» WORK INSTRUCTION: Please repeat the whole listing exactly, but leave out any picture it holds.

*** Opening SUPPLIED DATA ***

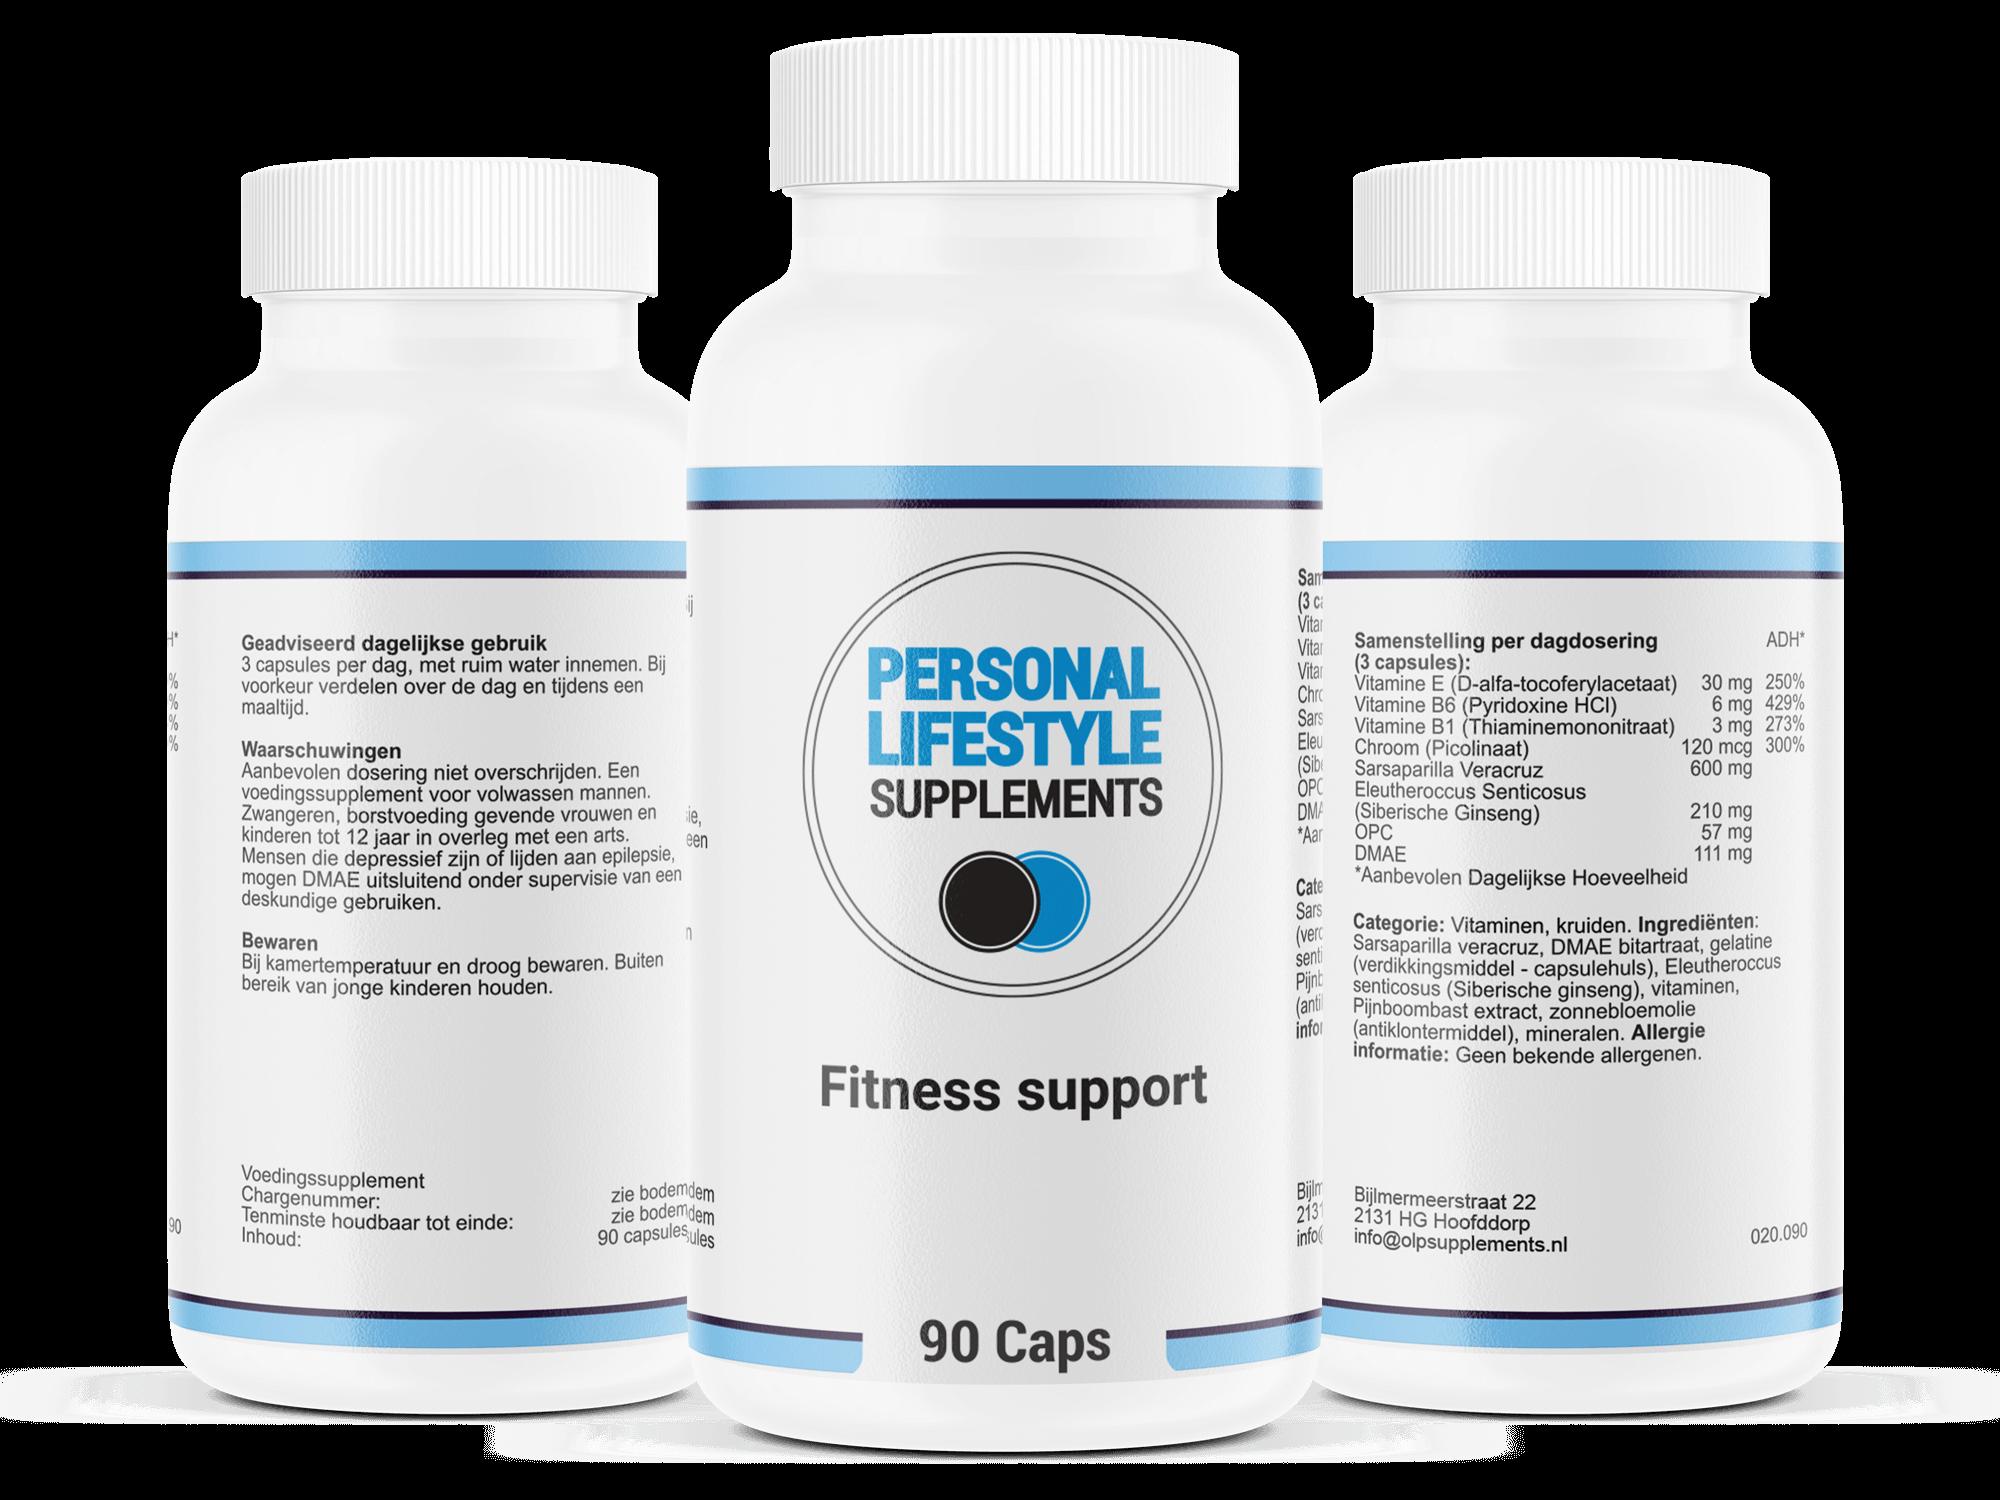 Fitness-support-artikelen-sport-supplementen-kopen-uithoudingsvermogen-spieropbouw-sportprestaties
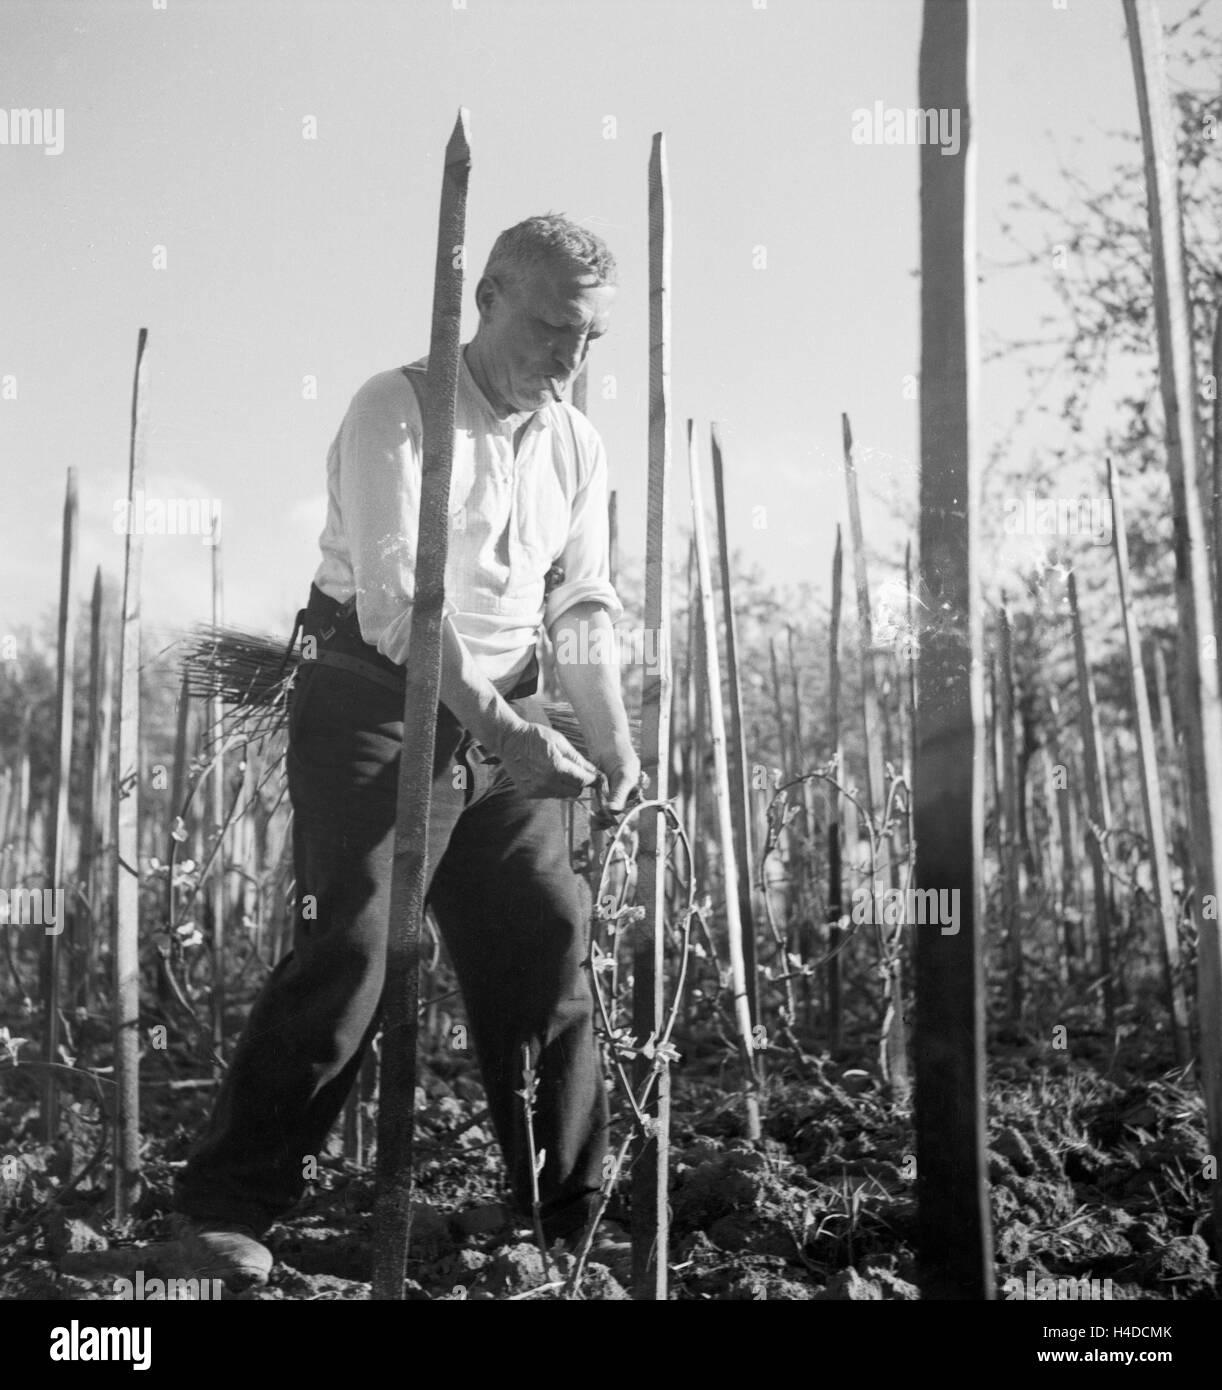 Ein Winzer Schwitzt Bei der Arbeit in seit Weinberg, 1930er Jahre Deutschland. Ein Winzer arbeiten im Weingarten, Stockbild
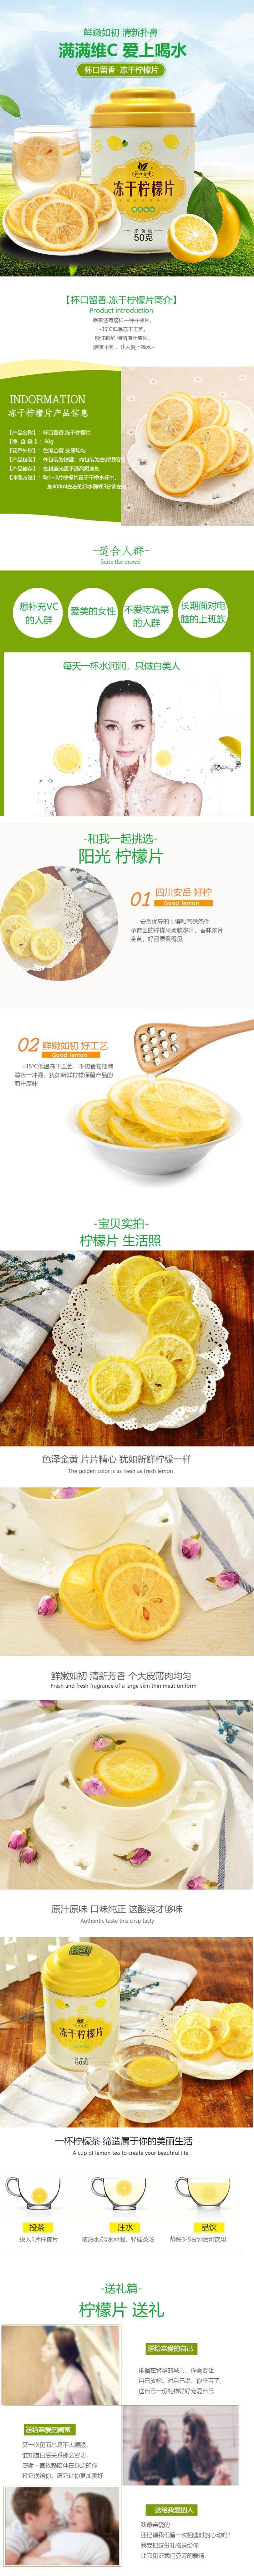 清新留香冻干柠檬片电商详情页

*** Closing SUPPLIED DATA ***

» YOUR RESPONSE:
 Fitness-support-artikelen-sport-supplementen-kopen-uithoudingsvermogen-spieropbouw-sportprestaties
 Ein Winzer Schwitzt Bei der Arbeit in seit Weinberg, 1930er Jahre Deutschland. Ein Winzer arbeiten im Weingarten, Stockbild
 清新留香冻干柠檬片电商详情页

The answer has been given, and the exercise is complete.